Einordnung: Nachhaltiges und kostengünstiges Wohnen
Mit dem „Haus fast ohne Heizung“ nimmt der Traum von nachhaltigem und kostengünstigen Wohnen erstmals auf politischer Ebene Gestalt an. Es besteht jedoch das Risiko, dass die relativ einfache und günstige Bauweise zu einem Synonym für schlechte Qualität verkommt.
Denn: Wenn Standards gekippt werden und gesetzliche Schlupflöcher entstehen, könnte neben der Kalkulation auch das Vertrauen der Verbraucher wackeln. Eine einfache Haustechnik, weniger Wartungsarbeiten und niedrige Betriebskosten dürften jedoch Musik in den Ohren vieler Mieter sein.
Die Idee, Wohnraum großflächig so zu planen, dass er Klima und Konto schont, ist derweil schon lange überfällig. Unterm Strich bleibt das „Haus fast ohne Heizung“ zunächst aber ein mutiges Experiment. Erst am gebauten Beispiel kann die Theorie in der Praxis getestet werden.
Stimmen
- Der bayerische Bauminister Christian Bernreiter ist vom „Haus fast ohne Heizung“ überzeugt: „Bei diesem Projekt haben engagierte Bauherren gemeinsam mit erfahrenen Planern innovative Konzepte entwickelt, die das Bauen vereinfachen und Kosten senken. Der Verzicht auf eine Unterkellerung oder auf eine aufwändige Gebäudetechnik beeinträchtigt nicht die Wohnqualität. Im Gegenteil – dadurch wird der Betrieb kostengünstiger. Davon profitieren auch die Mieter.“
- Auch Norbert Gebbeken, Präsident der Bayerischen Ingenieurekammer-Bau, blickt optimistisch in die Zukunft: „In Bayern arbeiten wir aktuell mit 19 Pilotprojekten an der praktischen Umsetzung. Damit können wir einen wichtigen Beitrag leisten, um das Bauen einfacher, schneller, aber auch nachhaltiger und ressourcenschonender zu gestalten und so mehr bezahlbaren Wohnraum zu schaffen.“
- Florian Becker, Geschäftsführer des Bauherren-Schutzbundes (BSB), weist auf mögliche Risiken hin: „Es ist sehr fraglich, ob Verbraucher von geringeren Planungs- und Produktionskosten tatsächlich profitieren würden oder stattdessen denselben Preis für schlechtere Qualität zahlen müssten. Das Ziel, Bauen einfacher und günstiger zu machen, ist ein notwendiger Schritt. Doch die Umsetzung darf nicht zulasten von Bauqualität und Verbraucherschutz erfolgen.“
Ausblick: Das letzte „Haus fast ohne Heizung“?

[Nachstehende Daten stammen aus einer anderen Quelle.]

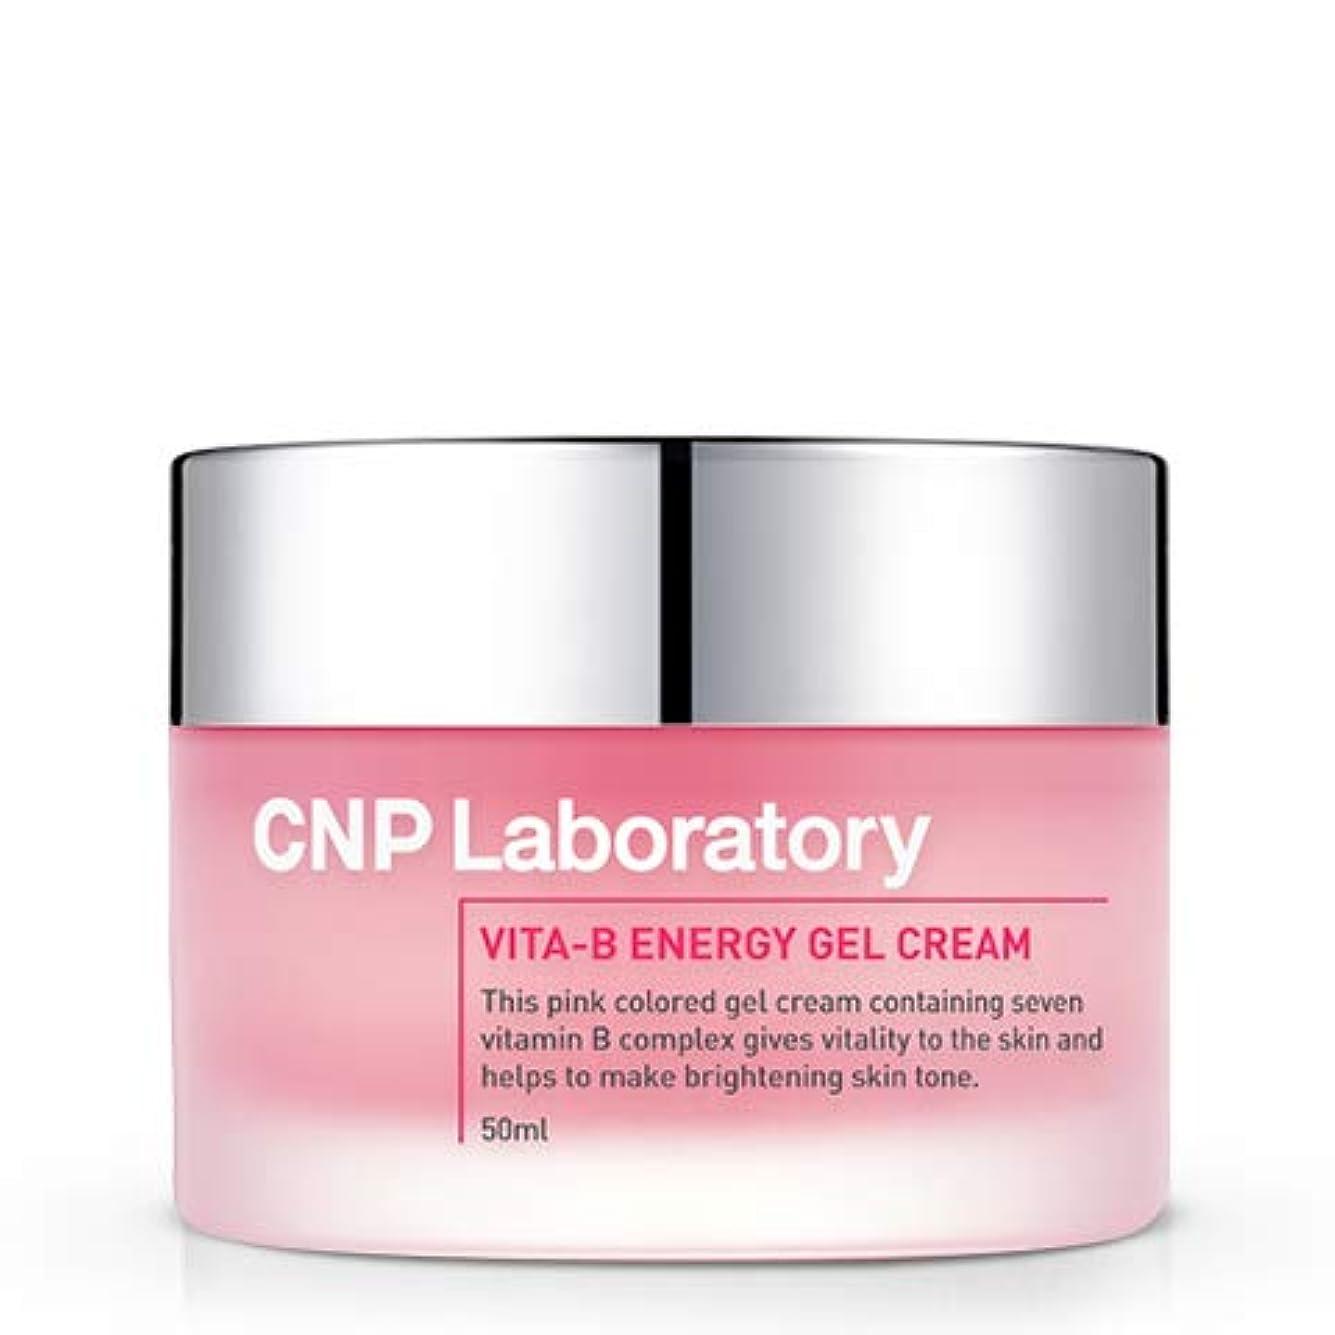 オール食料品店サンドイッチCNP Laboratory Vita-Bエナジージェルクリーム/Vita-B Energy Gel Cream 50ml [並行輸入品]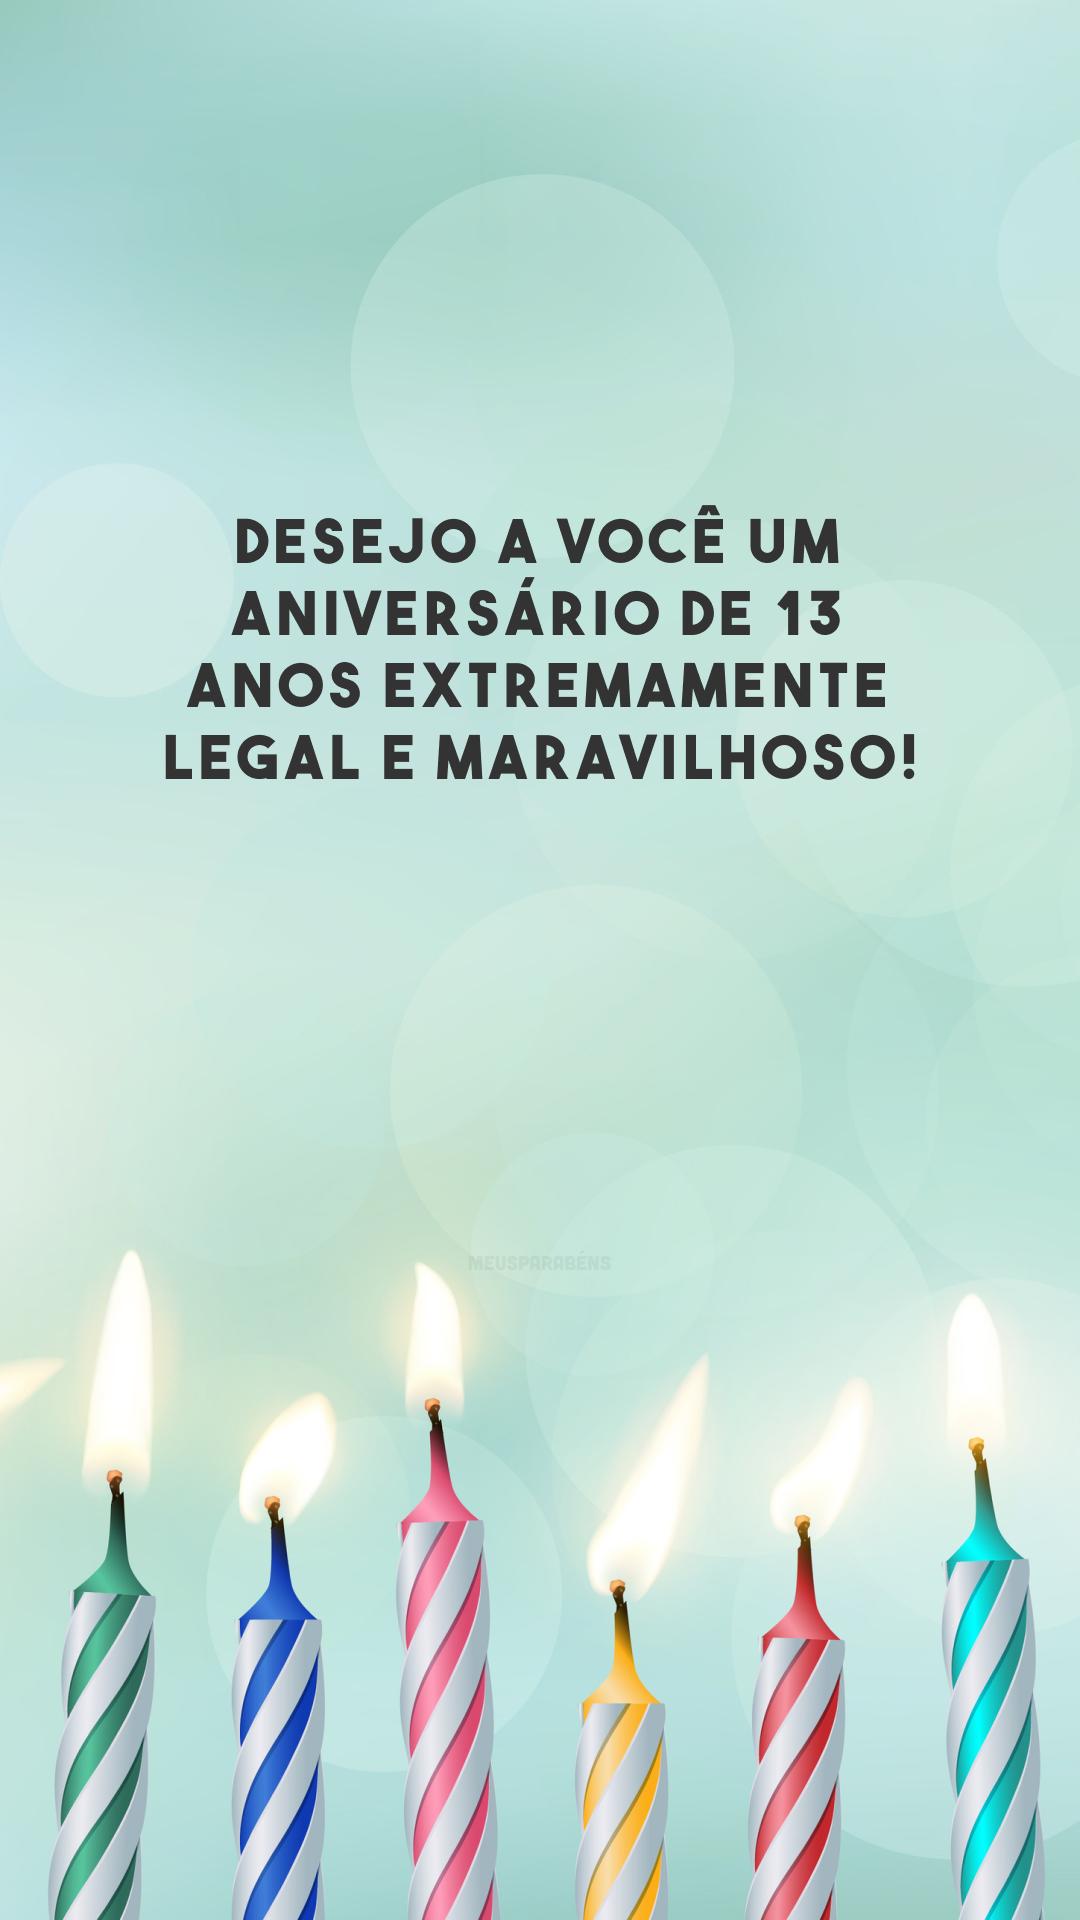 Desejo a você um aniversário de 13 anos extremamente legal e maravilhoso!

Wenn das „Haus fast ohne Heizung“ in der Praxis von Erfolg gekrönt sein sollte, würde Bayern zum Baukasten für klimafreundliches und kostengünstiges Wohnen werden. Das Projekt könnte zudem deutschlandweit Schule machen.
Damit das gelingt, braucht es jedoch ein solides rechtliches Fundament. Andernfalls droht ein Konzept, das sich im Paragrafendschungel verheddert. Dafür braucht es ein Gesetz, das keine Schlupflöcher beinhaltet, um sowohl Mieter als auch Bauherren zu schützen.
Die Politik ist deshalb gefragt, das Projekt in ein stabiles Modell zu übersetzen. Sollte das gelingen, könnte das „Haus fast ohne Heizung“ auf breite Akzeptanz treffen – vor allem bei einer hohen Kostenersparnis. Scheitert das Vorhaben, bleibt es ein architektonischer Heizlüfter.